Tiger- Sher (eventhough preferably this ought to be used just for lions), namur, baagh & babar.
Leopard- Tendu'aa
Panther- Palang
Cheetah - chiitaa.
Persophones mentioned an interesting term in yuzpalang for cheetah, what does the prefix yuz signify?

Bengal tiger - Although most Urdu-phones have been familiarised with Sher e Bangaal, I quite like Babar e Bengaal, Siiberii-babar, Baaleenii-Babar and Sumaatrii Babar for the various specifies of tigers.


----------



## Alfaaz

Relevant thread (اردو محفل): شیر اور ببر شیر، ایک غلط فہمی کا ازالہ

Terms used in Urdu as well as Arabic, Persian, Pashto, Hindi, English, etc. are discussed.


----------



## Sheikh_14

I don't know how the switch came to be and surely there must be a deeper explanation then the one provided in the article above which is largely a lament but doesn't explain anything other than it was never meant to be this way!  Here's me just hazarding a guess. Urdu, Hindi and Punjabi phones are prone to repetition and hyperbole. The word babar relates to manes. Only animal that has a mane of the two is a lion. So not only is Babar Sher an exaltation of the lion by way of intensification I.e. not only are you a sher but you are a babar sher which could be a means of connecting the animal to its mane as well as an intensification of the more understated yet ferocious tiger.

H ببري बबरी *babrī* [S. वर्वरीक], s.f. Cropped or dressed hair, fore-locks, tresses; a particular method of dressing the front hair (of a girl or woman); fringe of hair worn on the forehead (by women); cropped hair (mane and forelock) of a horse; curly hair of a camel.

The British raj may have had a lot to do with this mixup as in English literature I.e. Rudyard Kipling's Jungle book this mix up is all too evident.  In fact they even use the name bagheera for a panther which illustrates the Englishs' penchant to learn smatterings of local languages but never truly getting into the nitty-gritty. Therefore, I understand where his rant towards the preponderance of English in the region is coming from. There's a high likelihood that the unnecessary confusion surrounding these big cats could in fact be an imposed imported problem as they were adopted correctly at the outset.

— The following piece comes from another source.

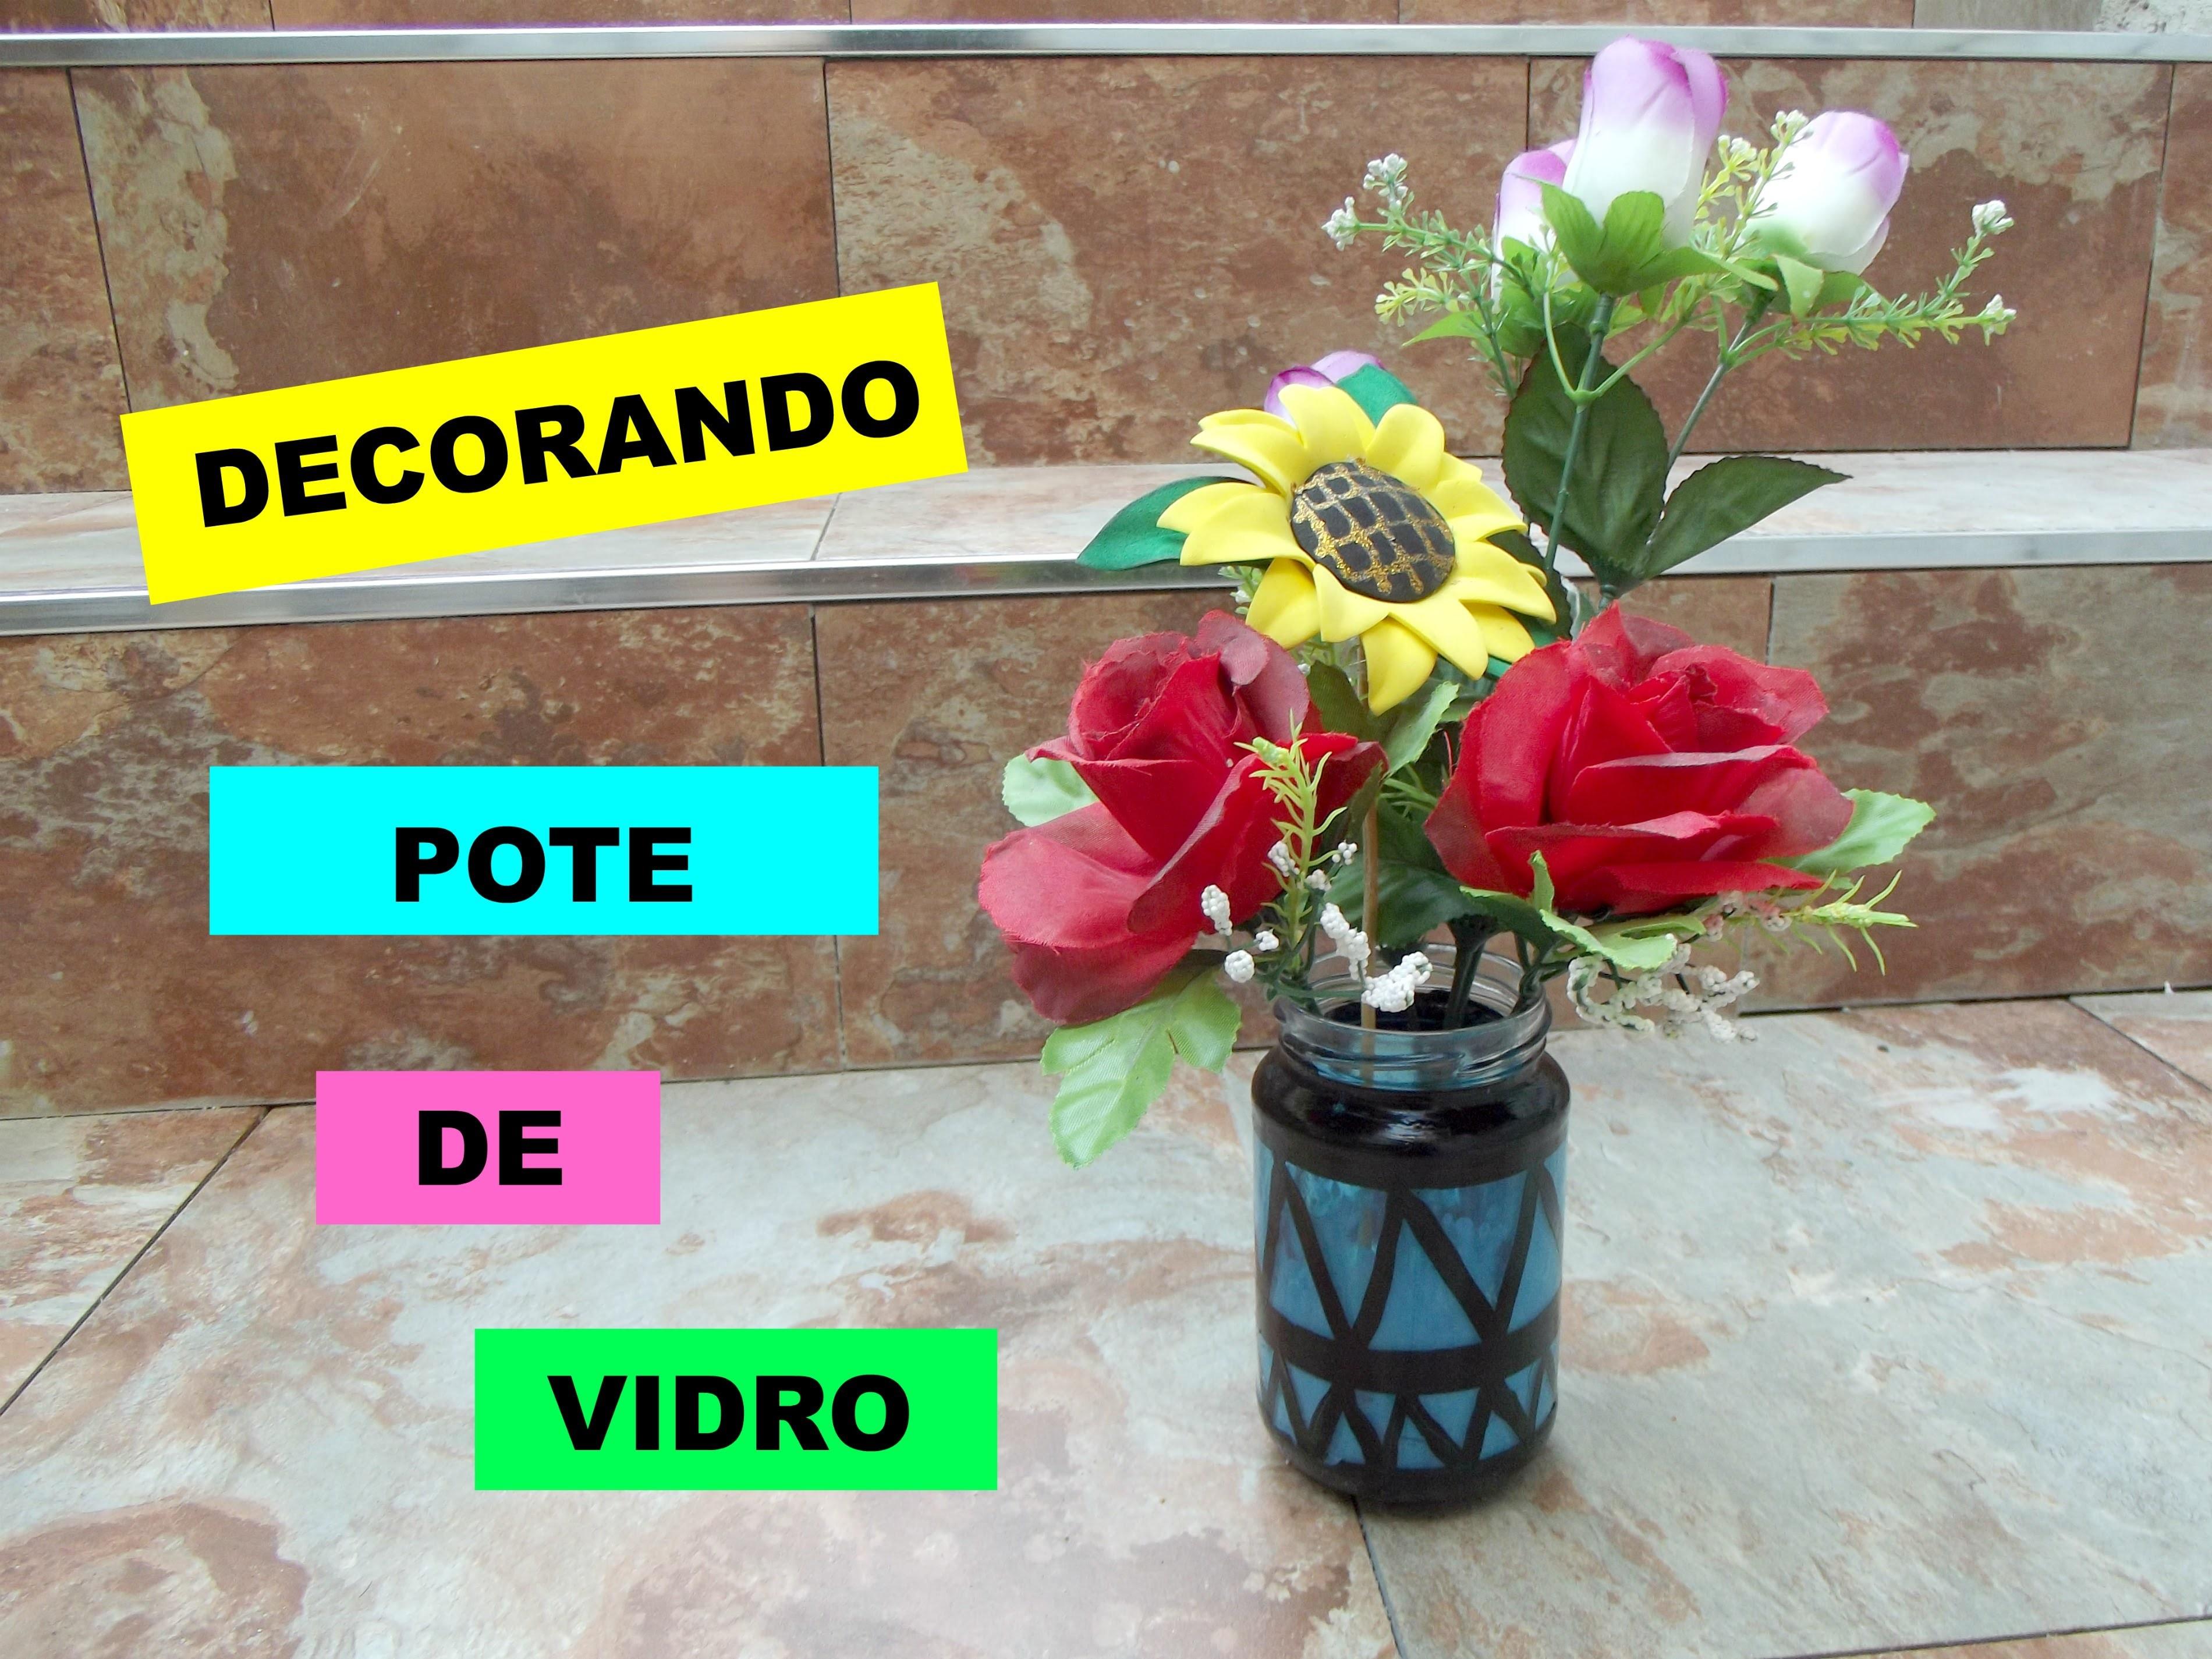 DIY: Decorando pote de vidro. Decorating glass jar ❤

That said Babar alone and Babar sher are two different terms to me. Babar alone ought to explicitly mean a tiger. Babar sher on the other hand comes off as an intensification of the less regal tiger and thereby could befit a lion. This considering that Urdu has a habit of intensification/exhaltation by way of repetition.

I would be interested in Urdu lughat entries that support Platts and Shakespeare in suggesting that Babar= tiger. If anyone here could provide some especially from authoritative sources that would do us all a world of good. It is my supposition that it did indeed mean tiger until recently and by recent I mean the turn of the 20th century where terms started being used causally and interchangeably.

Sher-dil or Dil-sher to me always means lion-hearted and I hardly believe any one would say otherwise. Similarly, babar-mard as I came across in a piece of literature would mean a tigerine man, not a leonine gentleman. Eventhough the supporting online dictionary suggested otherwise.

I am curious where do you stand? How would you differentiate leonine with tigerine? Personally I would do it by saying sherii for the former and babari for the latter. Bear in mind that Babur was named after babar I.e. a tiger, and not a lion. Therefore I am certain this problem did not exist in Urdu dictionaries during the Mughal period. Also as far as I'm aware the Persian word Babar derives from the same root as baagh. Thence the two terms are interchangeable.


----------



## littlepond

Sheikh_14 said:


> ... which illustrates the Englishs' penchant to learn smatterings of local languages but never truly getting into the nitty-gritty.



That's a highly offensive generalisation and judgement!


----------